▶ Task to carry out:
Return the lines from the line containing "Workbooks bc science" through the last line of the material below, exactly as they appear and with no others.

▶ Collected data:

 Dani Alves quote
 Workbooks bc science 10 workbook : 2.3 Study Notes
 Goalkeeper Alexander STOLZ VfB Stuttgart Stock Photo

▶ Result of the exercise:
 Workbooks bc science 10 workbook : 2.3 Study Notes
 Goalkeeper Alexander STOLZ VfB Stuttgart Stock Photo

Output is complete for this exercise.